Raleigh Memorial Auditorium is heavily influenced by Neoclassical and Beaux-Arts architectural styles. The building's most prominent feature is its imposing Doric portico, which anchors the southern end of Fayetteville Street. Because Raleigh is a planned city, the street grid was designed with strict visual axes; the auditorium was intentionally constructed to provide a dignified southern terminus to the city's main street, mirroring the North Carolina State Capitol building facing it from the north.

== Usage and events ==
With a seating capacity of 2,277, the auditorium remains the largest venue within the Martin Marietta Center for the Performing Arts.

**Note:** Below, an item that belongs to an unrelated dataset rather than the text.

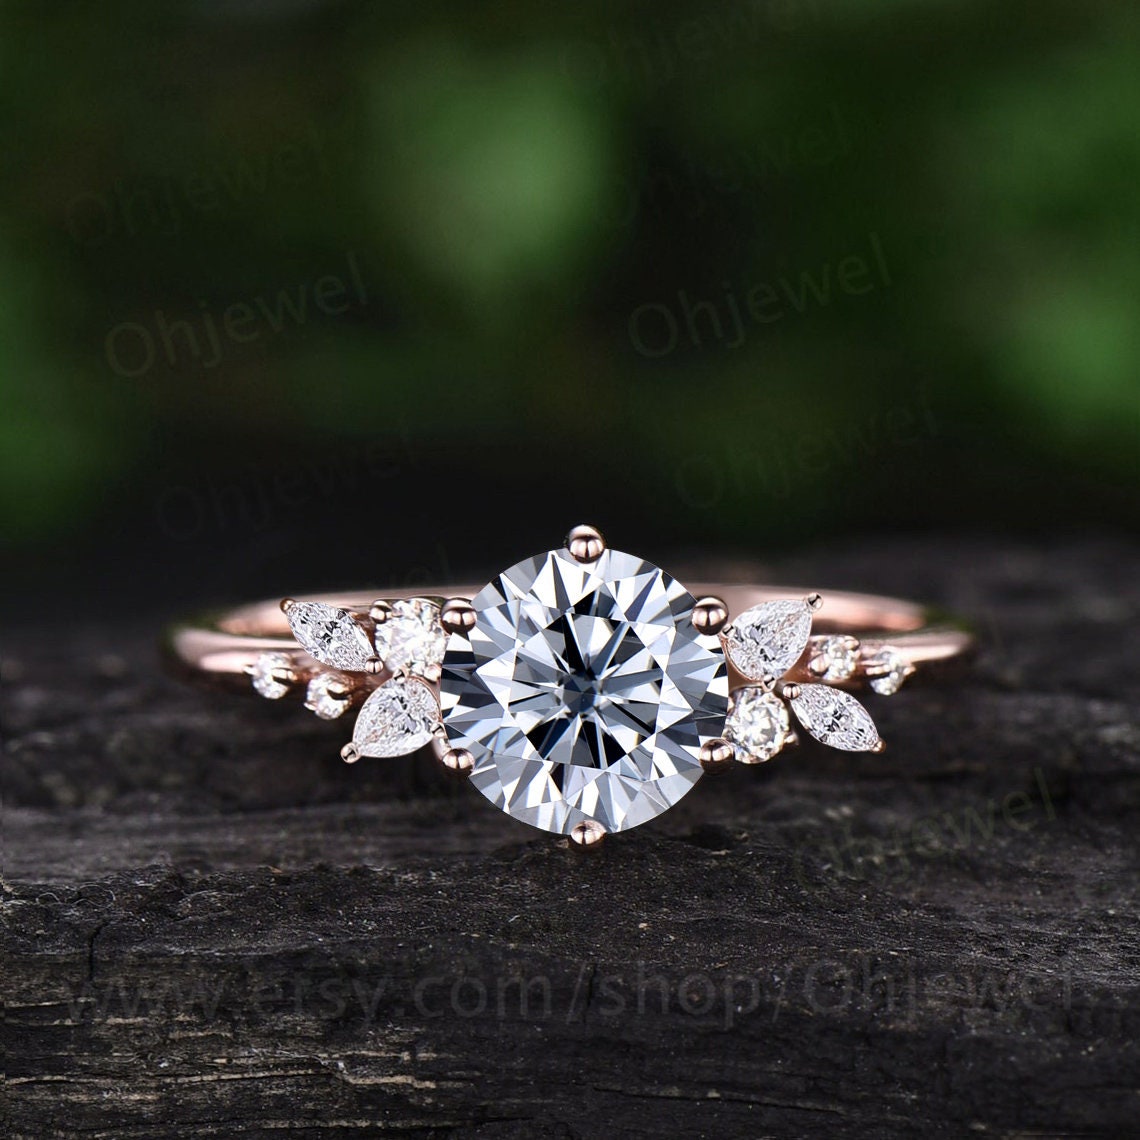 Vintage round gray moissanite engagement ring solid rose gold cluster snowdrift diamond ring unique bridal promise wedding ring women gift

It serves as the primary home for four resident companies; Carolina Ballet, North Carolina Opera, North Carolina Symphony, and PineCone, the Piedmont Council of Traditional Music.

Over its nearly century-long history, the stage has hosted a wide array of notable performers, including Frank Sinatra, Tony Bennett, Ray Charles, Prince, and Mikhail Baryshnikov and Broadway musicals, including The Phantom of the Opera, Les Misérables, and The Lion King.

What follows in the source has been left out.